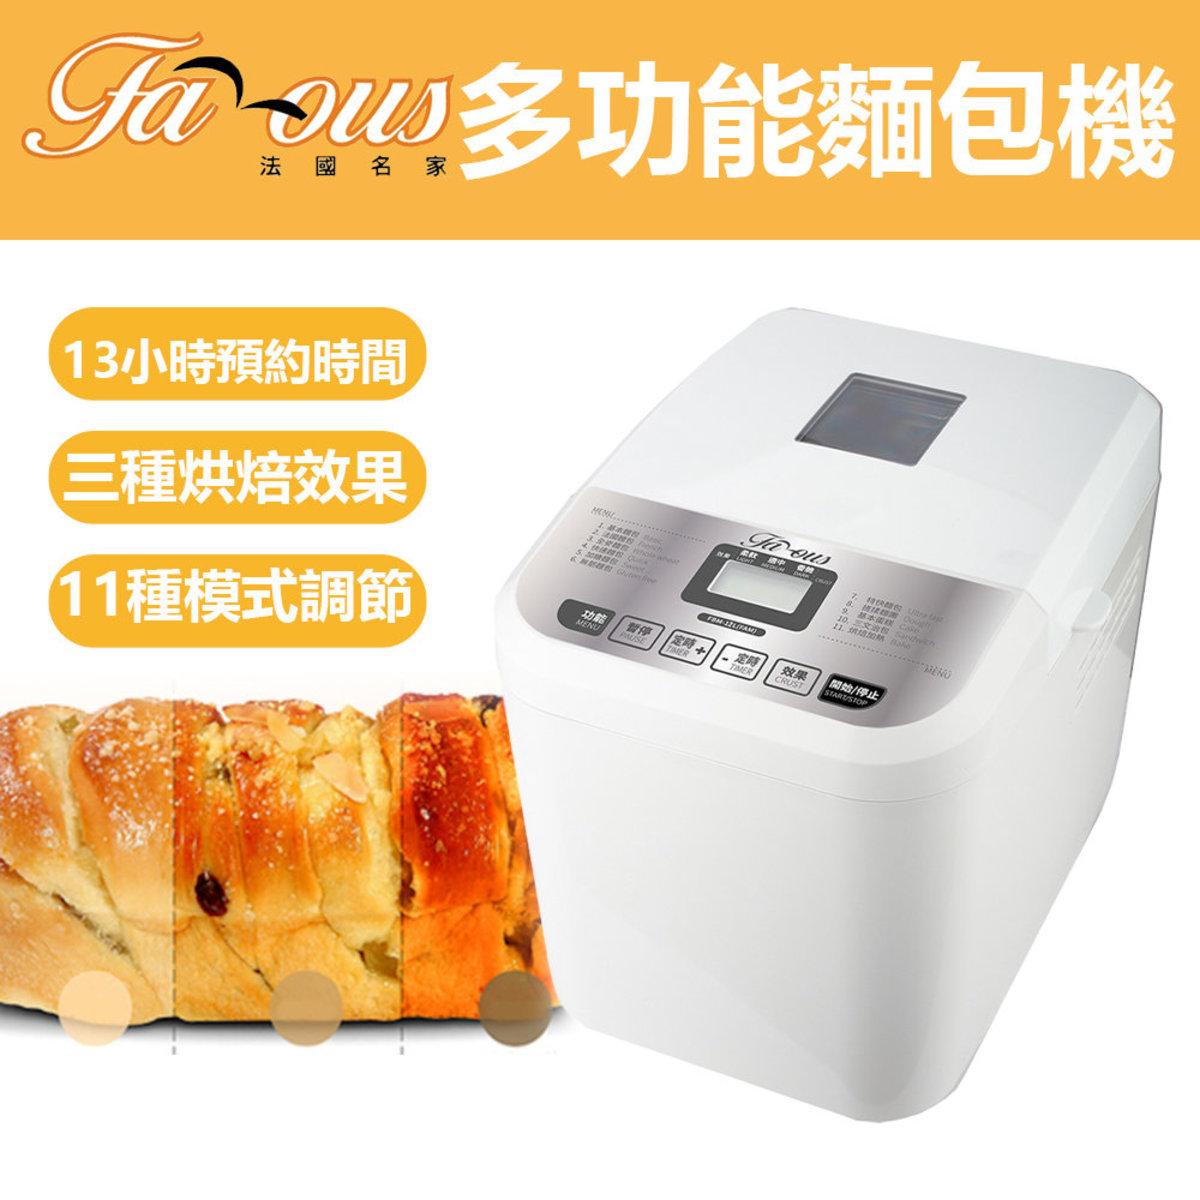 Bread Maker FBM-12L (2020 New version)
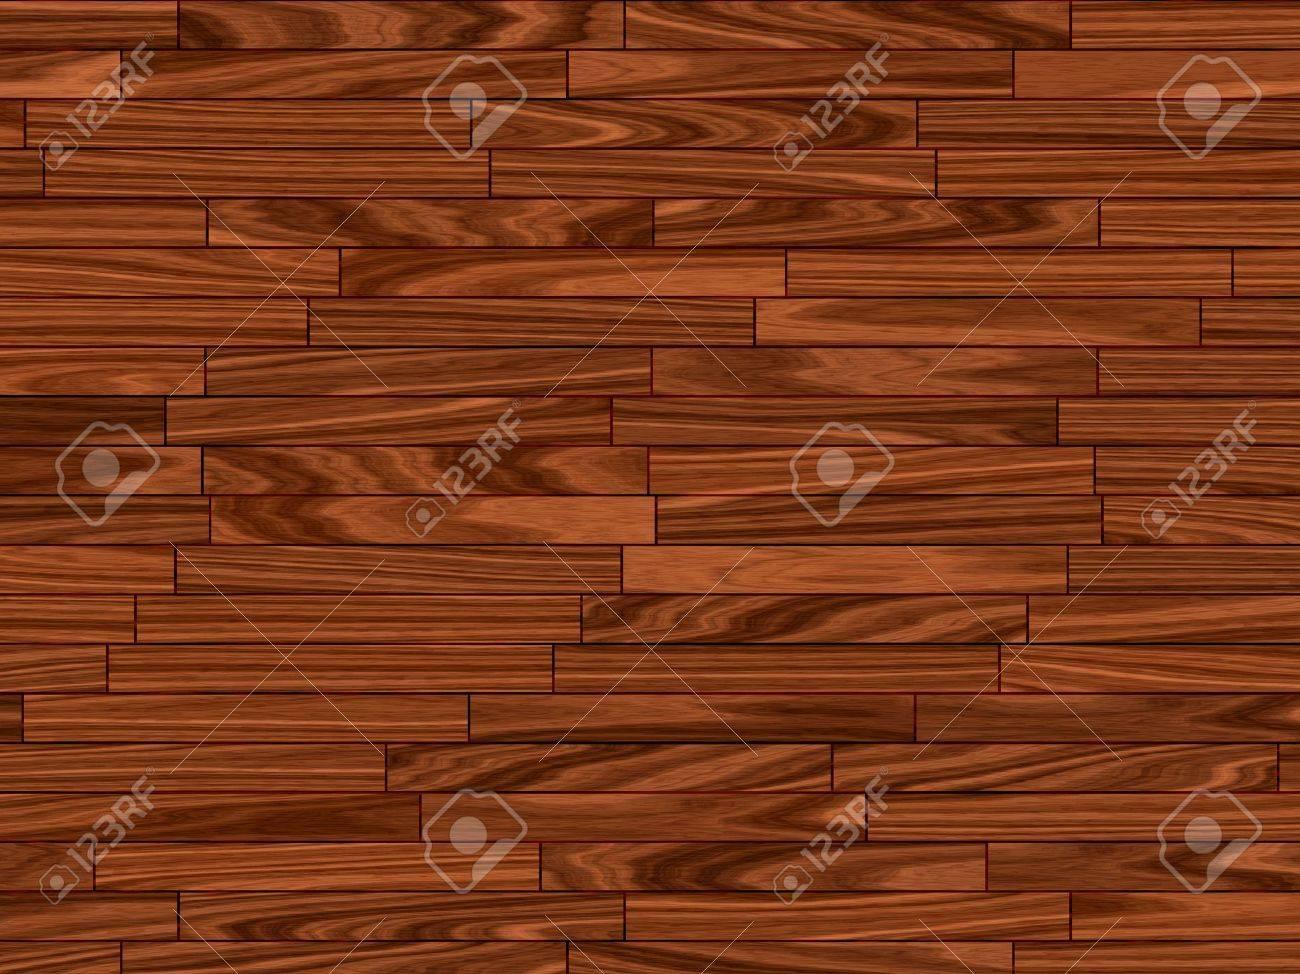 close up of warm brown parquet flooring pattern Stock Photo - 3297747
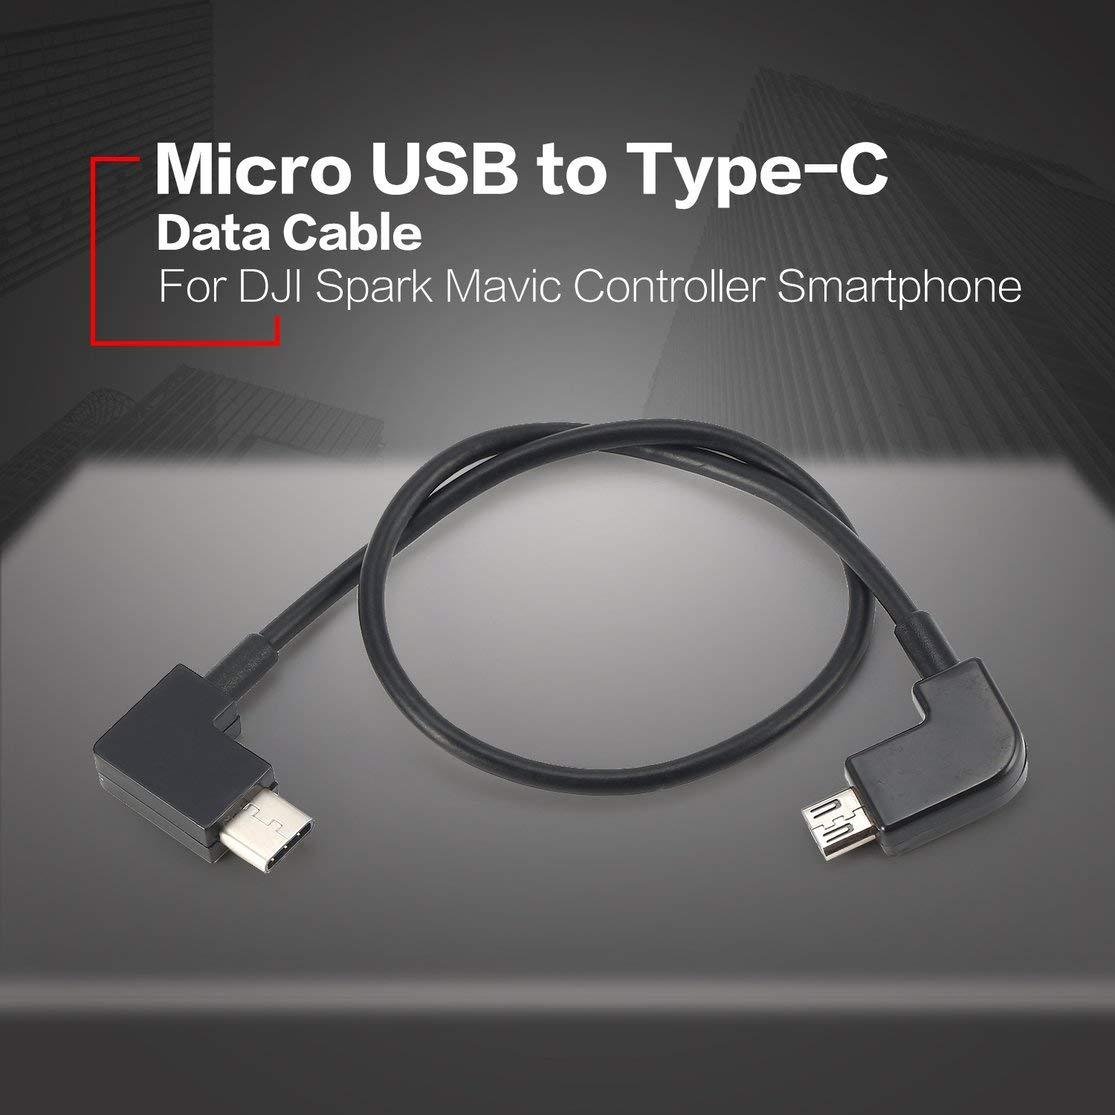 LouiseEvel215 Datenkabel f/ür DJI Spark Mavic Pro Platinum Luftregler Micro-USB auf Typ C Port Adapter Line f/ür Smartphone Tablet

= = = = = = =

Would you give again exactly the lines from the line containing "close up of" through the end of the listing, both ends included, without any pictures?

OUTPUT BELOW -
 close up of warm brown parquet flooring pattern Stock Photo - 3297747
 LouiseEvel215 Datenkabel f/ür DJI Spark Mavic Pro Platinum Luftregler Micro-USB auf Typ C Port Adapter Line f/ür Smartphone Tablet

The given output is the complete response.